Authors Bhattarai S, Wagle D, Shrestha A, Åsvold BO, Skovlund E , Sen A

Received 18 December 2023

Accepted for publication 13 March 2024

Published 26 March 2024 Volume 2024:18 Pages 767—777

DOI https://doi.org/10.2147/PPA.S455511

Checked for plagiarism Yes

Review by Single anonymous peer review

Peer reviewer comments 2

Editor who approved publication: Dr Johnny Chen



Sanju Bhattarai,1,2 Dikshya Wagle,2 Archana Shrestha,2– 4 Bjørn Olav Åsvold,1,5 Eva Skovlund,1 Abhijit Sen1,6

1Department of Public Health and Nursing, Faculty of Medicine and Health Sciences, Norwegian University of Science and Technology, Trondheim, Norway; 2Institute of Implementation Science and Health, Kathmandu, Nepal; 3Department of Public Health, Kathmandu University School of Medical Sciences, Dhulikhel, Nepal; 4Department of Chronic Disease Epidemiology, Center of Methods for Implementation and Prevention Science, Yale School of Public Health, New Haven, CT, 06510, USA; 5Department of Endocrinology, Clinic of Medicine, St. Olavs Hospital, Trondheim University Hospital, Trondheim, Norway; 6Center for Oral Health Services and Research (Tkmidt), Trondheim, Norway

Correspondence: Sanju Bhattarai, Email [email protected]

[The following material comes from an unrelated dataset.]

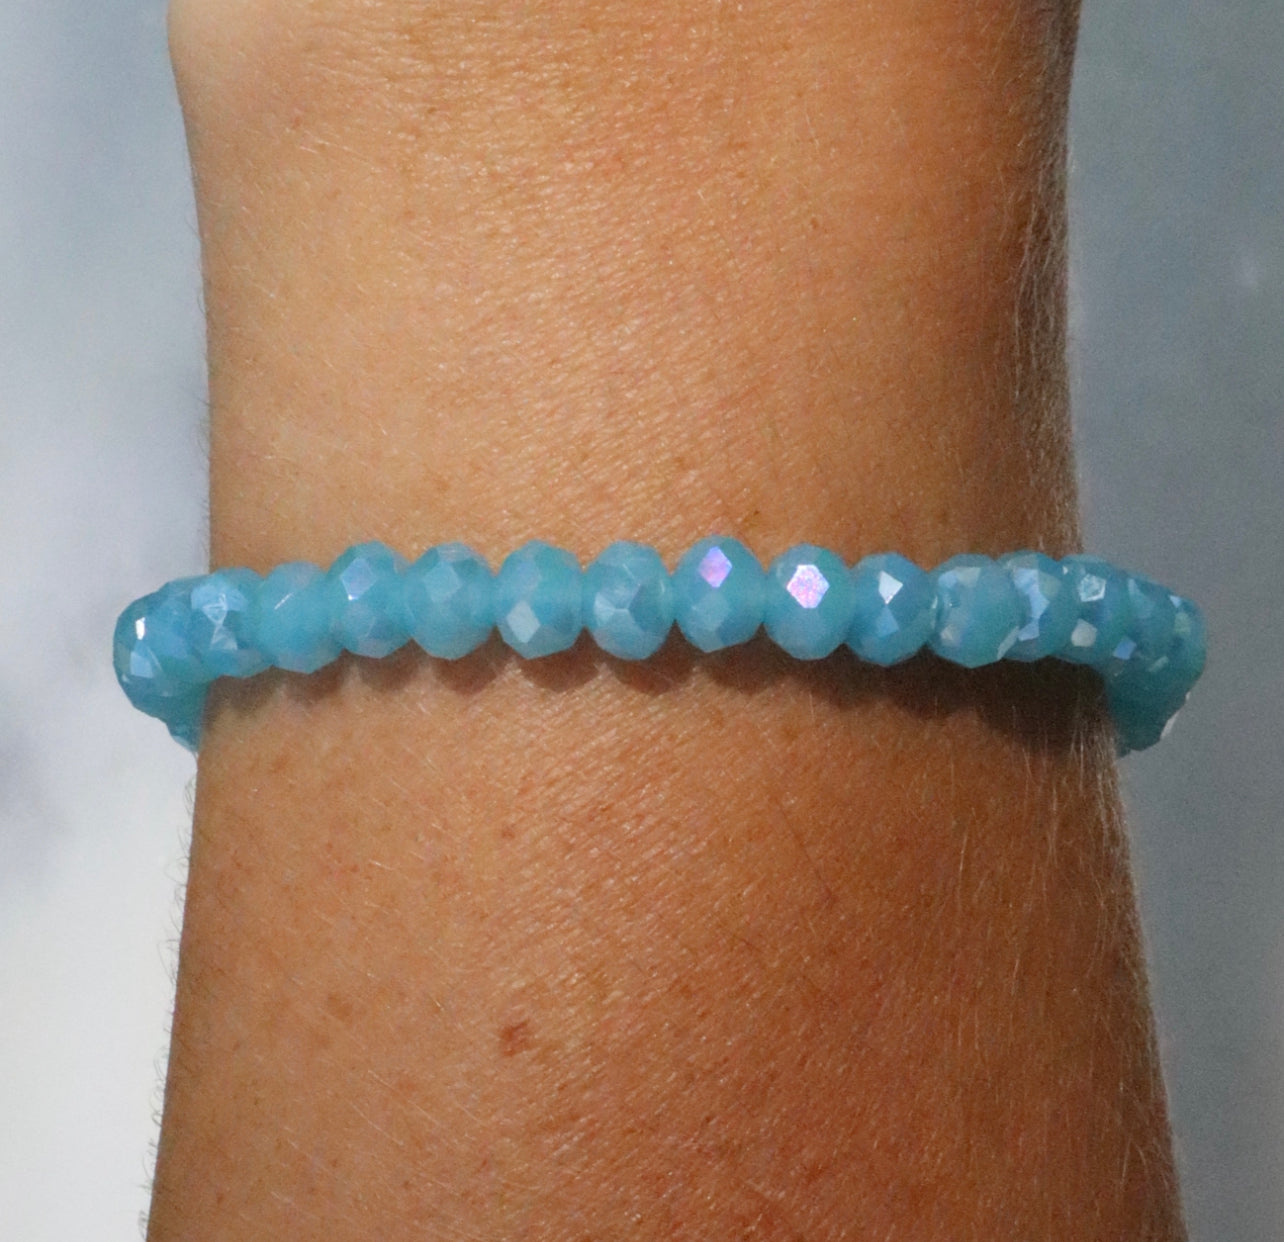 Blue Czech Crystal Bracelet

Introduction: Social support is considered vital for effective management of chronic conditions, but its role in improving adherence to antihypertensive medication and control of hypertension in urban Nepal is unknown. We examined the role of social support in adherence to antihypertensives and controlled blood pressure to inform future interventions for hypertension management.
Methods: We analyzed cross-sectional data collected at baseline of a cluster randomized trial of hypertension patients (n=1252) in the community between May and November 2022. Multidimensional scale of perceived social support was used to measure social support, adherence to antihypertensives was measured using the Morisky medication adherence scale − 8, and individuals with systolic- and diastolic- blood pressure less than 140 and 90 mmHg respectively were considered to have controlled hypertension. Modified Poisson regression models were used to estimate the prevalence ratios and corresponding 95% confidence intervals.
Results: We found that 914 (73%) individuals received moderate to high social support. Participants receiving high social support had a numerically lower proportion of controlled hypertension (51%) however not statistically significant. The proportion of good adherence to antihypertensives did not differ between the social support categories. There was no association in overall, family, friends, and significant other sub-scales of social support with controlled hypertension and adherence to antihypertensives.
Discussion: Further studies to understand the quality and mechanisms through which social support contributes to blood pressure control are needed for the health system to include social support in designing and implementing community-based interventions for hypertension management.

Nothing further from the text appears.